There are lots of stories we can tell about ourselves, and our story can be told in different ways. The space for reflecting on identity and story and creativity that the Empty Hanger project brought about was something the students from the London College of Fashion were passionate about making possible for disaffected young people. They too began to take inspiration from the stories themselves, incorporating symbols into their coursework and their final collection designs. But I was to have my own opportunity to reflect when the following summer we were asked to run the Empty Hanger project as a summer school for Muslim, Jewish and Christian teenage girls.
I had grown up being told stories about people of other religions. I had absorbed the story preached from the Big Top stage at camp about Muslims rising up to overthrow Christianity, and it had become a part of the story of fear and defensiveness on which my childish imagination had fed. It wasn’t the story that I wanted to shape me, and I had done all I could over the years to let go of these stories I’d been told about Muslims. I made a lot of effort and felt pretty self-righteous about the improvements I’d made. That is until I saw a woman in a burka which, since I was living in London, was fairly frequently, and then it got me. It would flare up and the flash of infuriation and offence would leave me feeling totally out of sorts for a while. “Why don’t you get out from under there?” I railed at them in my mind.

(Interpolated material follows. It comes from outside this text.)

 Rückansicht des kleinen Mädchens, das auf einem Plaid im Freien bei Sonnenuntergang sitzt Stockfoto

I couldn’t tell if I was more peeved at the men who made them wear it, at the women themselves for not refusing or at all those preacher-men who had ever made me feel overruled and suffocated with talk about covering women with male headship. But now I had 30 girls heading my way, a good number of whom were going to be fully veiled: hijabs, niqabs and all. I had seriously to deal with my prejudice, otherwise I was going to feel out of sorts for the whole three days. Only it’s hard to go into battle with one’s monkey mind and win. And, having learnt in the convent that the more I fight it the louder it shouts, I thought about a more subversive approach. Like, what would I choose to feel towards them instead of vexed suspicion? How would I like my relationship with these women to look?

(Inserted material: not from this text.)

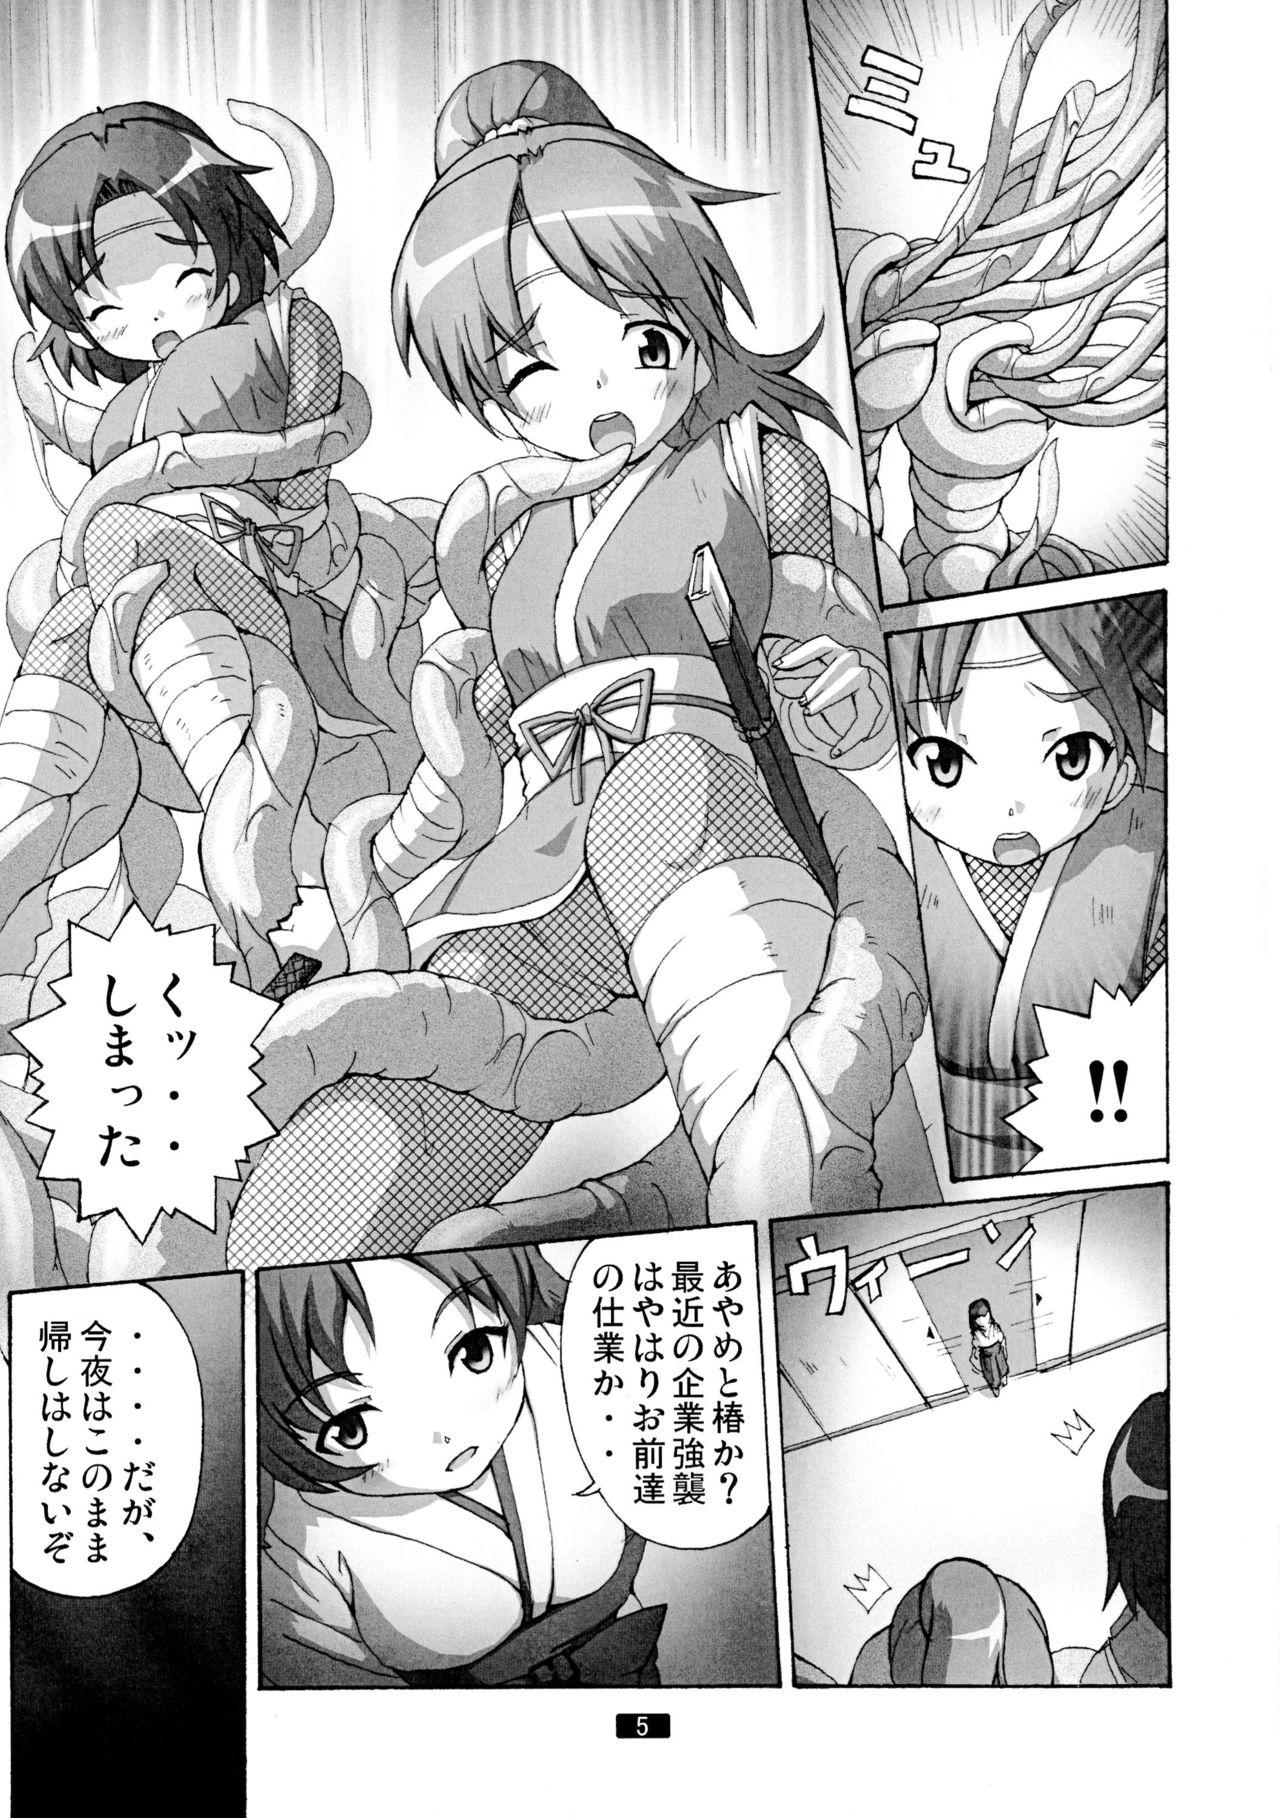 Nasty Kaiun no Taimashi Nozomi 5 1/ 2 Cuckold - Page 5

When the word “sisterhood” popped up I immediately imagined going to visit Ty Mawr and taking some burka-clad Muslim women with me. That floored me for starters; as I pictured the scenario, I realized I would be the only one not in a veil of some sort. Enough said. But I couldn’t help enjoying the picture of the convent, all cosy against the drizzle of Welsh rain, the sisters sitting around in the library handing out tea and slices of cake to their veiled visitors, chatting away with them. More than anything I knew their response would be what it had been when I’d met them all those years before: a smile, and open welcoming arms, beckoning the newcomer to join them. So I started with that – well, the smile at least. Every time I met the eye of a Muslim woman on the bus or tube or on Oxford Street I decided I would smile at her.
It’s a hard thing to do when you feel stupid, and I did feel stupid. It was kind of ridiculous and could have been badly misinterpreted, especially since I felt I really had to force it to begin with and probably looked like I was giving a weird wince. But the image of the nuns’ tea party stuck with me – a fearless sisterhood of women – and it was a picture I could believe in. I wanted to overcome the distance between sisters on different sides of the religious fence.
When the girls arrived at the London College of Fashion on the first day, I was told by one of the interfaith facilitators that none of the girls from Islamic schools studied art or music; these subjects had been removed from their timetable.
*FLASH*
‘^$%! *£% @$*&’
Breathe…
“OK, so let’s see how they get on with some sketching.” I handed out slim sticks of bamboo and small pots of coloured ink and set a clothed mannequin in front of them to copy.
They were a marvel.
How did these girls learn to draw and paint like this if they weren’t taught? Which in my head sounded more like an indignant yelp of “It’s criminal for anyone to rob these girls of their chance to be creative.” But then I looked again at Aliya, the robed young teacher in front of me, and thought how much she had done to get these girls here in the first place. She and others had been working for months, smoothing the way with school authorities and parents and the girls themselves, to make this possible. The result was magnificent, and I wanted to meet the girls in their enthusiasm and do everything possible to enable them to make the most of the opportunity.
But I was in for a rough ride. We were taking a spacious, reflective look at our stories and our identity. For these girls their art, their poetry and their fashion designs all came back to modesty. They had been well schooled and I was intrigued by the frequent partnership of the words “beauty” and “modesty” in the annotations around their designs. Their veiling was carried out with utter self-respect. If a man came to visit the studio, gentle nudges were given, faces would turn aside and veils would be quietly let down to fully cover their faces. Then there was the tall girl who even wore gloves to cover her hands, whose elegance and self-possession were evident, even under layers of flowing black fabric.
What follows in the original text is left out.